Eventually most of the file system and networking functionality are expected to migrate to become based on Operation, making them eligible to be used with Batch.

You can think of Batch as a low level concurrency mechanism which provides concurrency at an Operation layer, which is efficient and portable, but more difficult to abstract around, particularly if you need to run some logic in between operations.

Meanwhile Future (async/await/concurrent/cancel) is the equivalent but at a function abstraction layer, which is very flexible and ergonomic, but it allocates task memory and error.ConcurrencyUnavailable (when using concurrent), or unwanted blocking operations (when using async), can occur in more circumstances than the lower level Batch APIs.

So, generally, if you’re trying to write optimal, reusable software, Batch is the way to go if possible, otherwise, you can always use the Future APIs if that turns out to be a pain in the butt. Or you can start with Future APIs and then optimize by reworking some stuff to use Batch later.
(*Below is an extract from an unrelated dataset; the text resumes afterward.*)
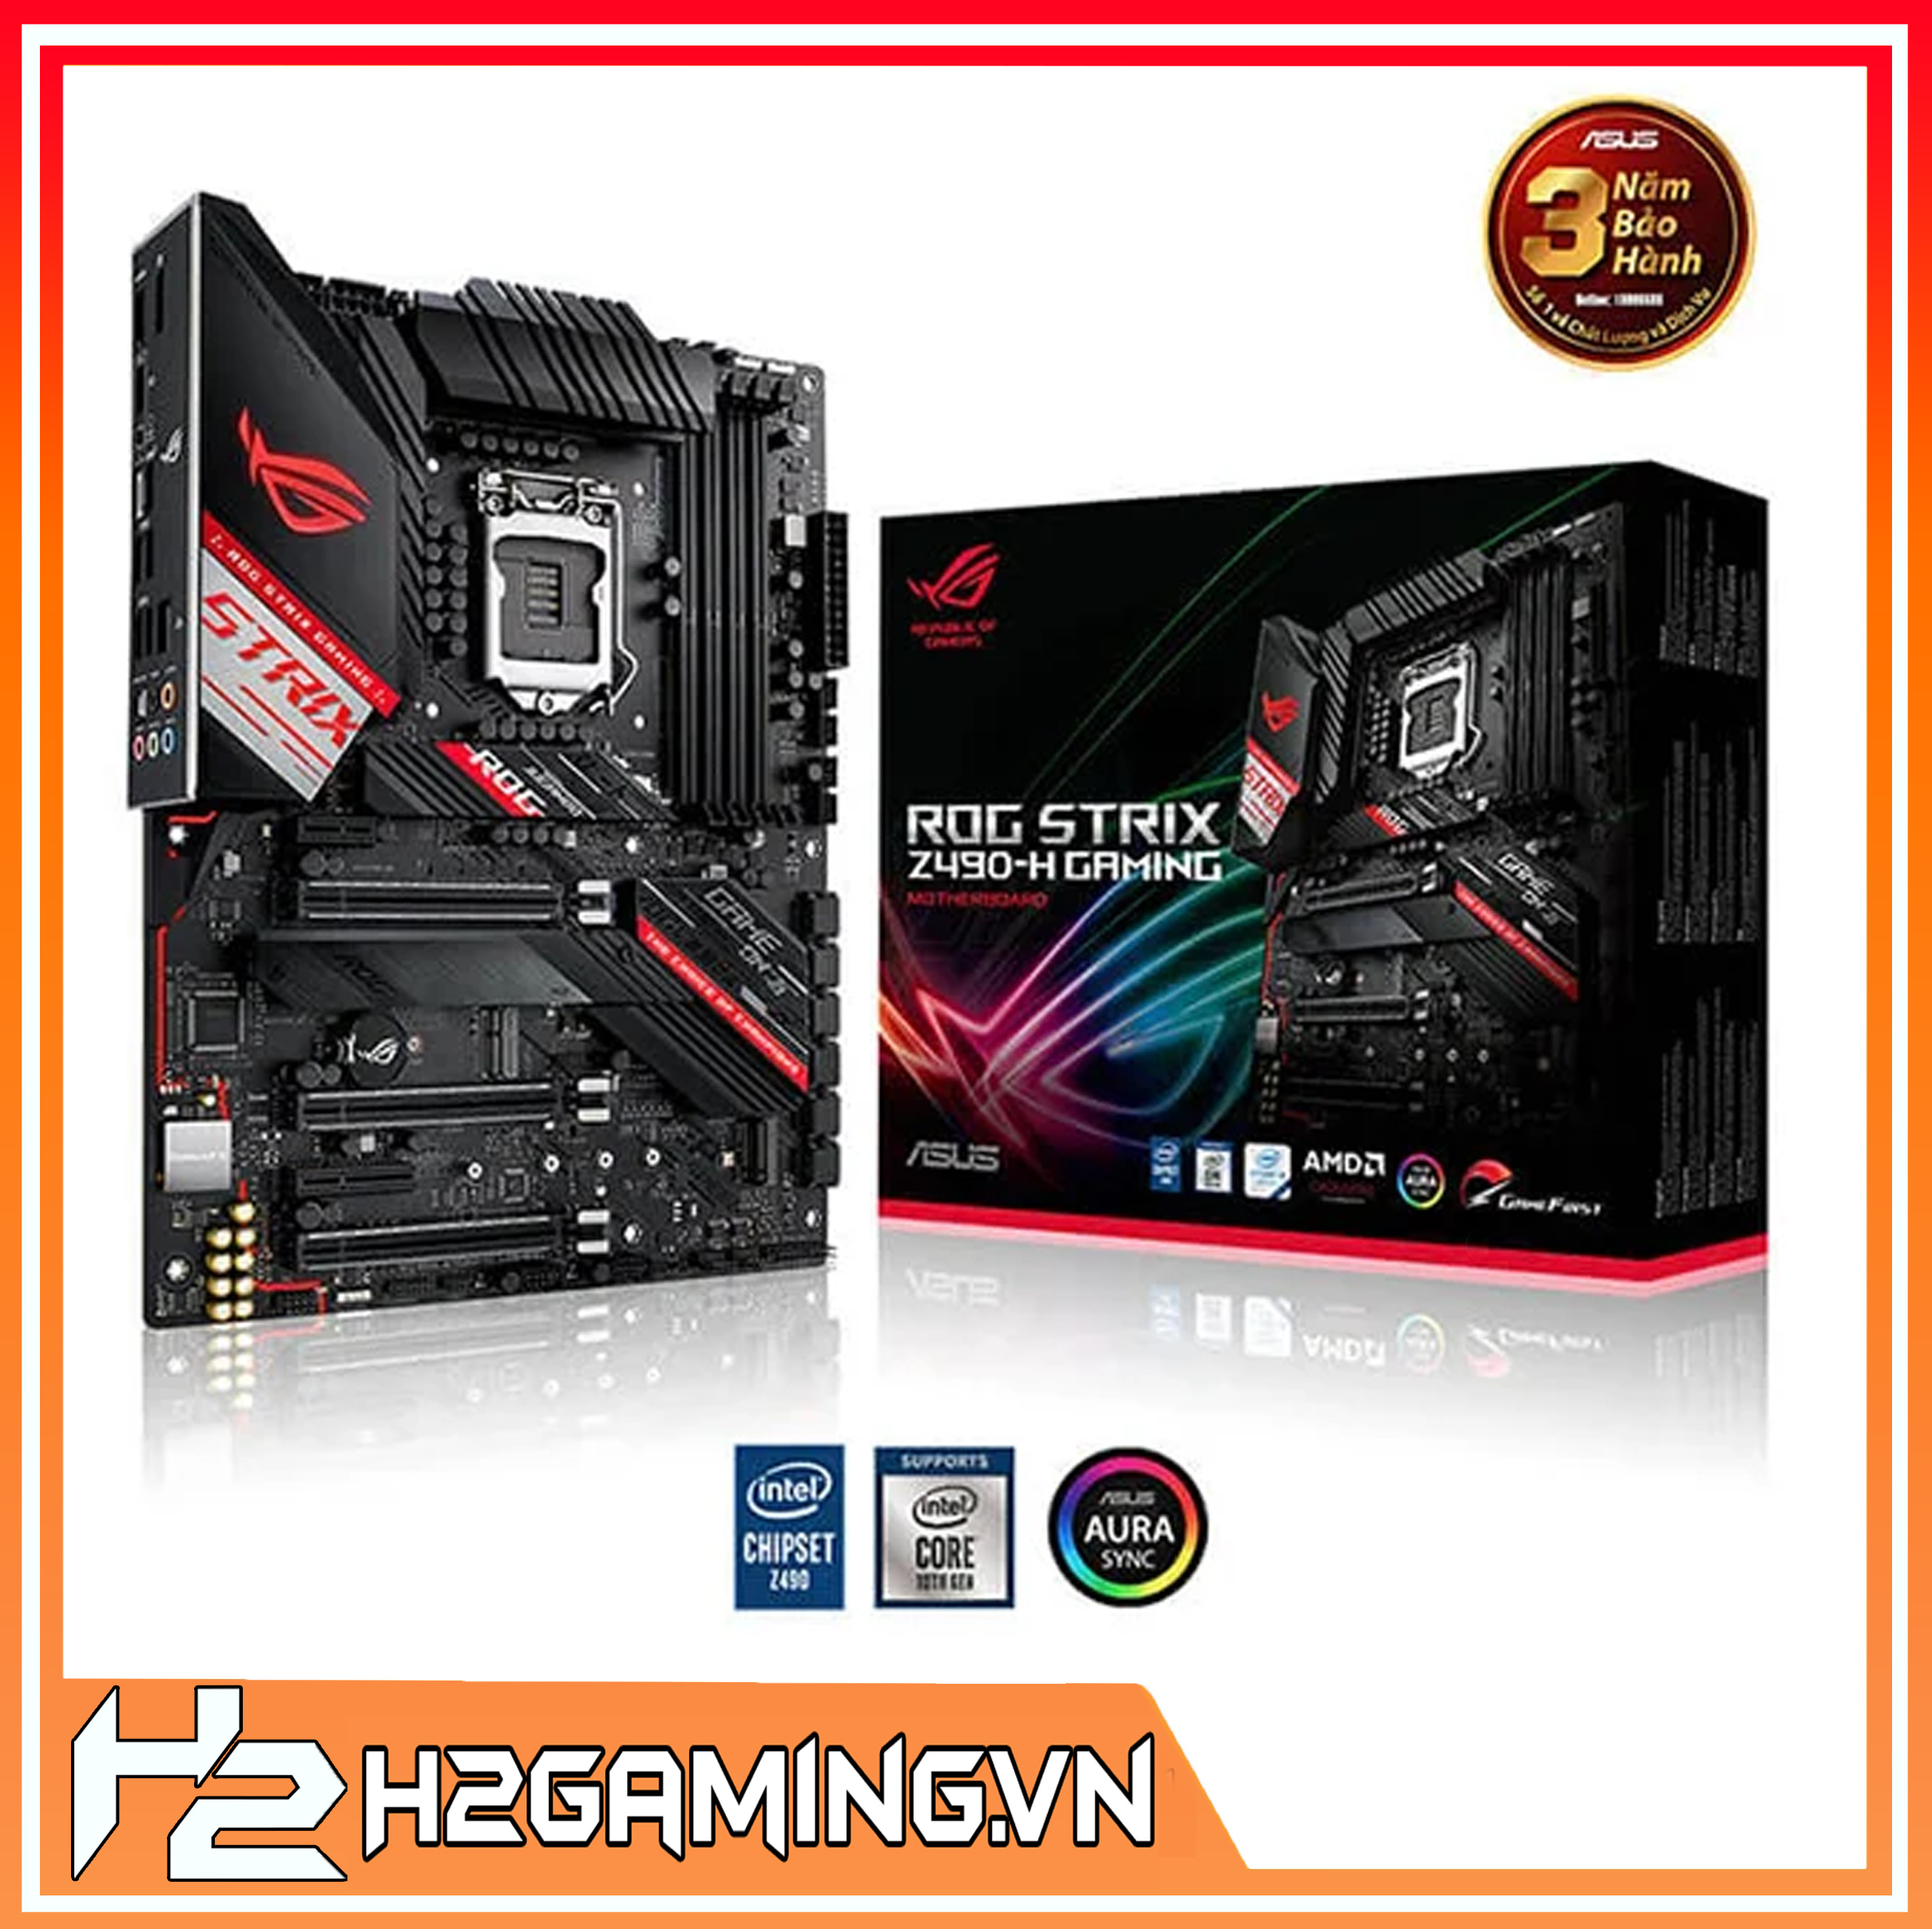 rog_strix_z490-h_gaming_3

I was looking at batch first, but it’s not yet usable. But I actually think that async + io-uring should be good enough from the performance perspective. It’s just that io-uring seems to be implementing async as concurrent and that’s what seems to be killing the performance in my test. The overhead of creating a main-fiber or the cancel machinery itself is probably not the problem. There are just too many unnecessary syscalls in this particular setting.
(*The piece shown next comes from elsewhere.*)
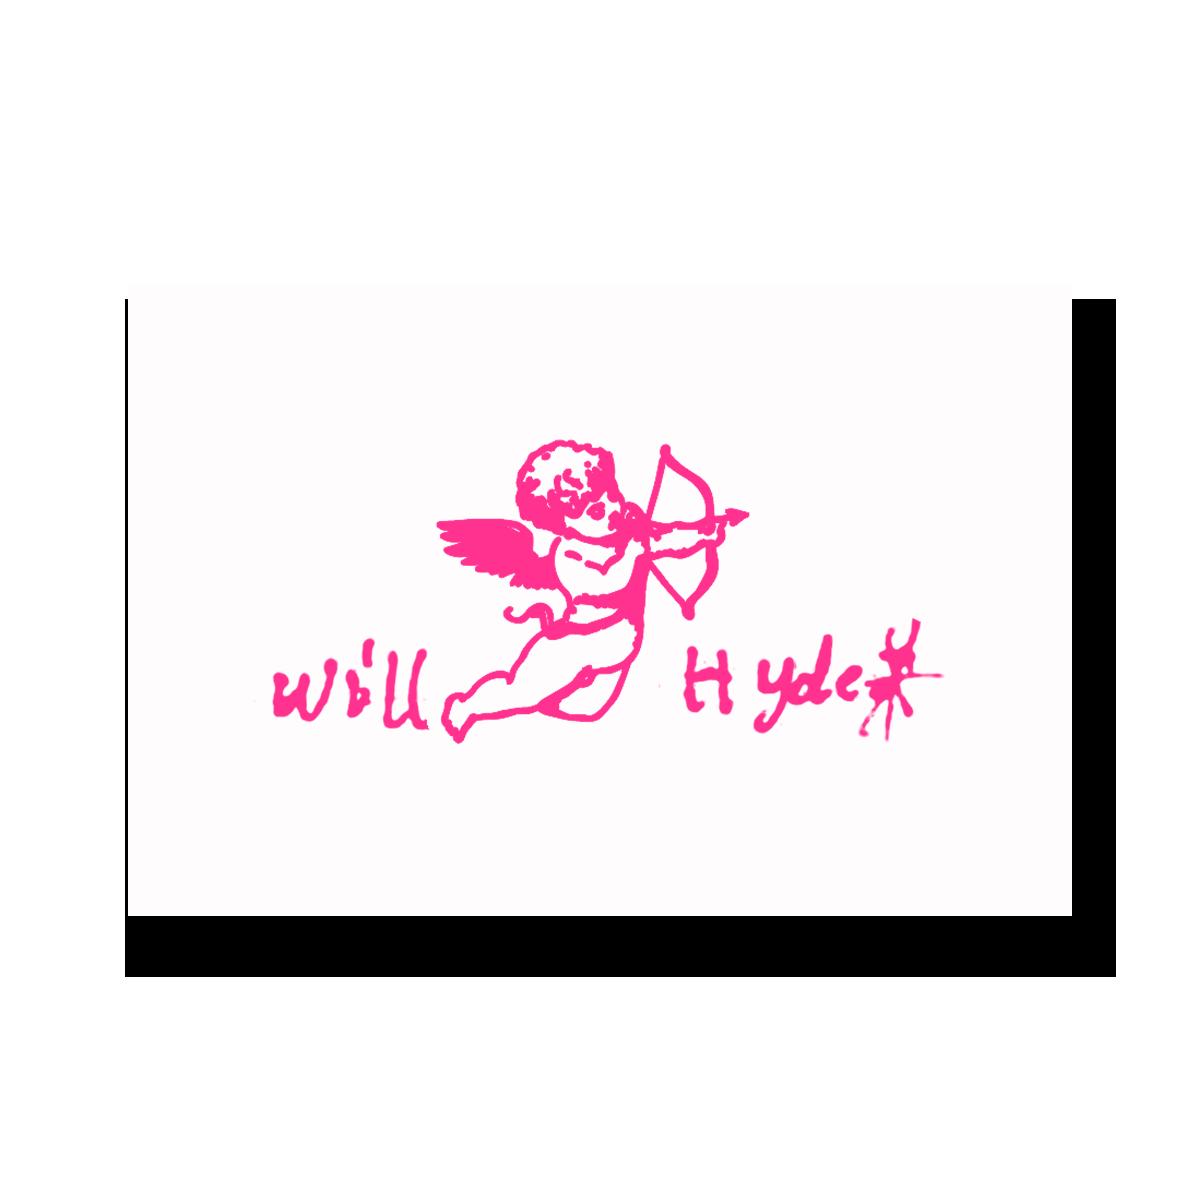 Will Hyde Temporary Tattoo

I actually think that your async/concurrent abstraction is the best concept for concurrency and IO I saw in 30 years. I’m trying to patch up the uring for this test case to see if it can match up with the handrolled implementation, pretty confident it should. That would be impressive for an interface that is so intuitive to use… (Thank you for your cool work here, it’s really fun to play with Zig!)
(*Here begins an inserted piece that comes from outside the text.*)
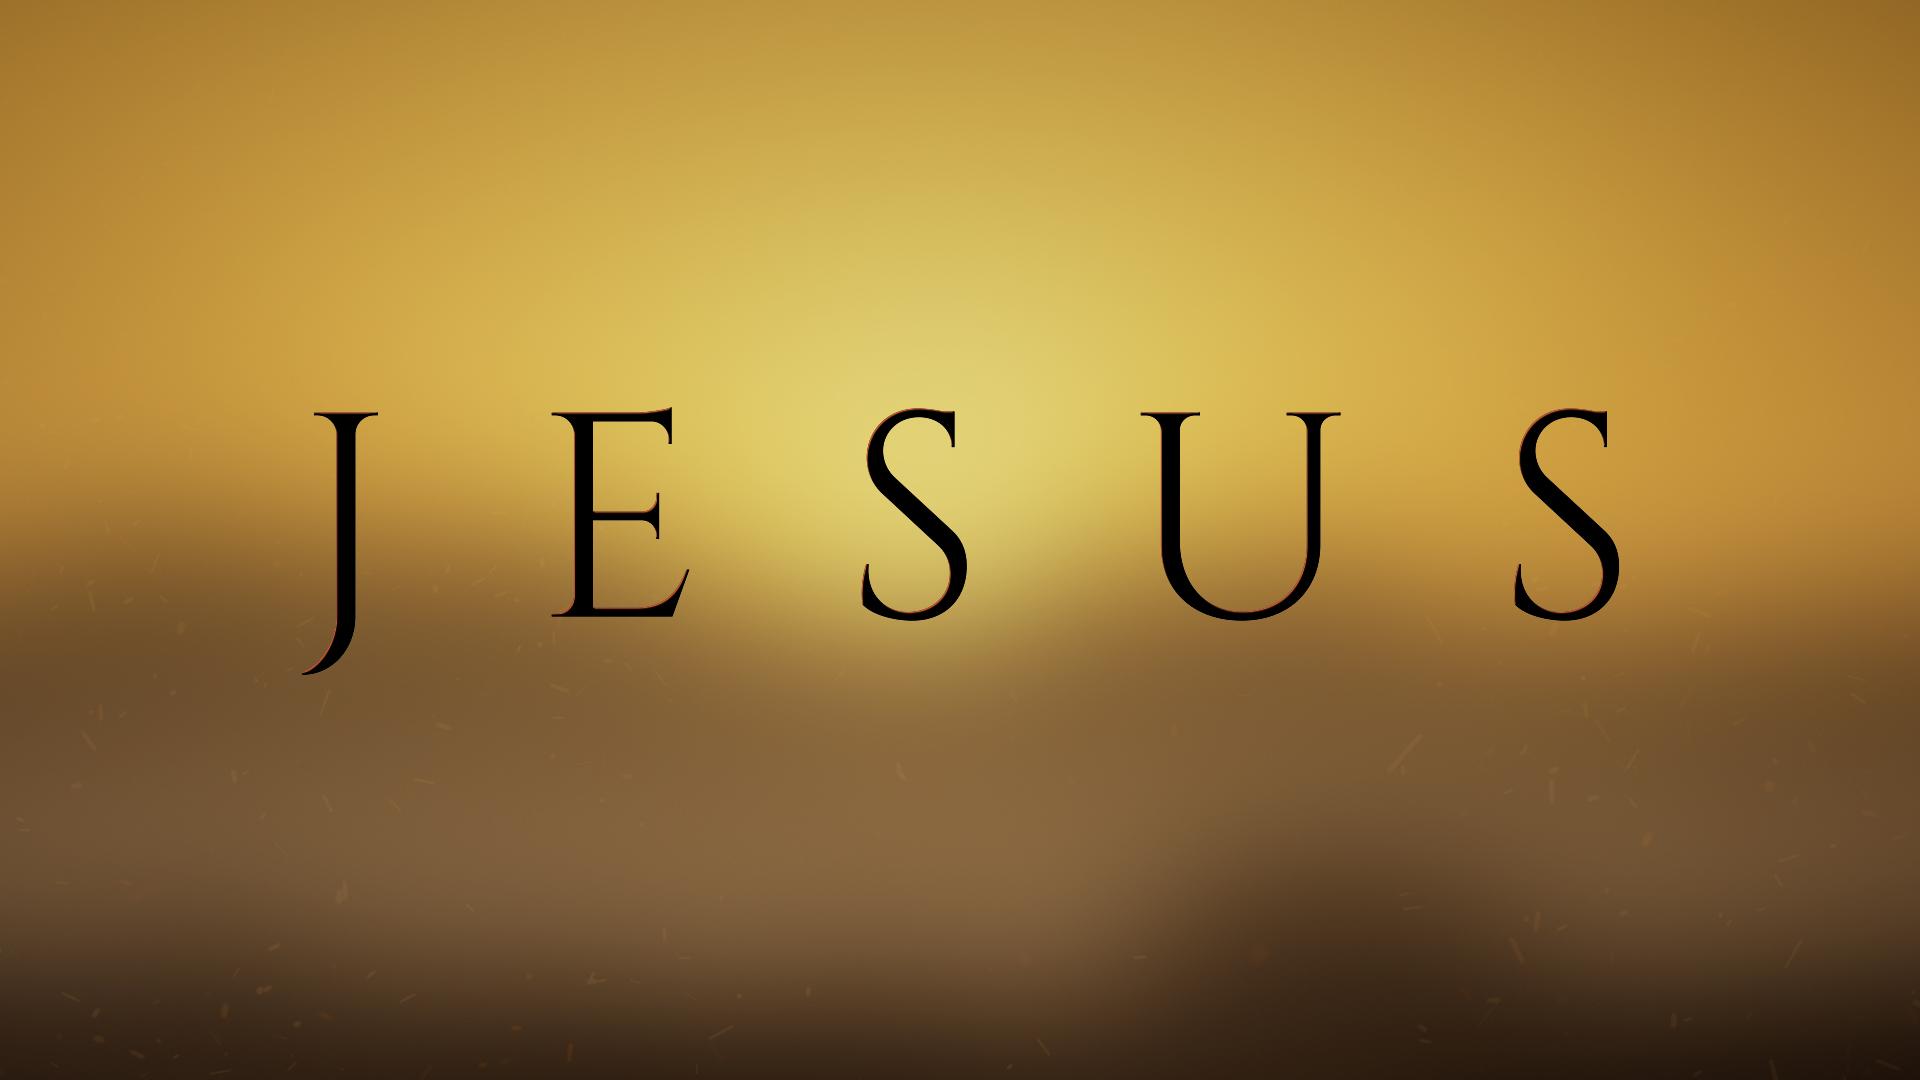 Novela Jesus a nova trama bíblica da RecordTV

andrewrk · April 10, 2026, 7:46pm

Can you elaborate?

mutech · April 10, 2026, 7:53pm

Doesn’t have the stat ops I was using for the test. Only file read/write streaming, net receive and dev-ioctl. But I might just have overlooked something, just started experimenting with std.Io.

andrewrk · April 10, 2026, 8:26pm

Right, OK, that’s exactly what I meant by this:

mutech · April 10, 2026, 9:12pm

I’m experiencing a couple of waterloo moments here.

I tested the single syscall per file version initially with std.Io.Uring, which turned out to be deceiving, because it uses io-uring and not a direct syscall (when called without async/concurrent).

After fixing that, my handrolled Uring was actually slower than single syscall. Reason for that seems to be the overhead of the kernel dispatching some ops in a kernel thread, which is slower that the actual syscall overhead ( Poor performance on file operations · Issue #830 · axboe/liburing · GitHub ). So my whole batching statx experiment is doomed to be useless.

That still leaves two items. First std.Io.Uring should probably not indiscriminately dispatch blocking calls to io-uring (unless of course there are other reasons to do it than performance). The question why the uring implementation via std.Io.Uring is much slower than handrolled (probably the use of fibers per call and more so dispatching them to thread pools if no concurrency was requested).

Here’s the current version of the test: main.zig · GitHub

dee0xeed · April 24, 2026, 9:21pm

do you mean that “uring implementation“ in the Linux kernel “creates fibers for everything“?

what are “fibers“ in the context? some coroutines implementations inside Linux kernel alike `async/await`?

inside an OS kernel? can not believe, it’ just matter of assembler tricks in C’s long_jump and alike

– да что ж такое такое-то с разметкой-то тут творится?

meant this

npc1054657282 · April 24, 2026, 9:39pm

Click here for a markdown editor

dee0xeed · April 24, 2026, 9:41pm

very many thanx

vulpesx · April 25, 2026, 3:35am

Fibres/green threads/M:N threading… is where the user land program implements its own threads on top of OS threads.

“uring implementation” here is referring the std.Io.Uring implementation of std.Io that takes advantage of the iouring API of the Linux kernel.

That Io implementation uses fibres for concurrency instead of raw OS threads. This gives it more control over what code is run which lets it take better advantage of the nonblocking I/O.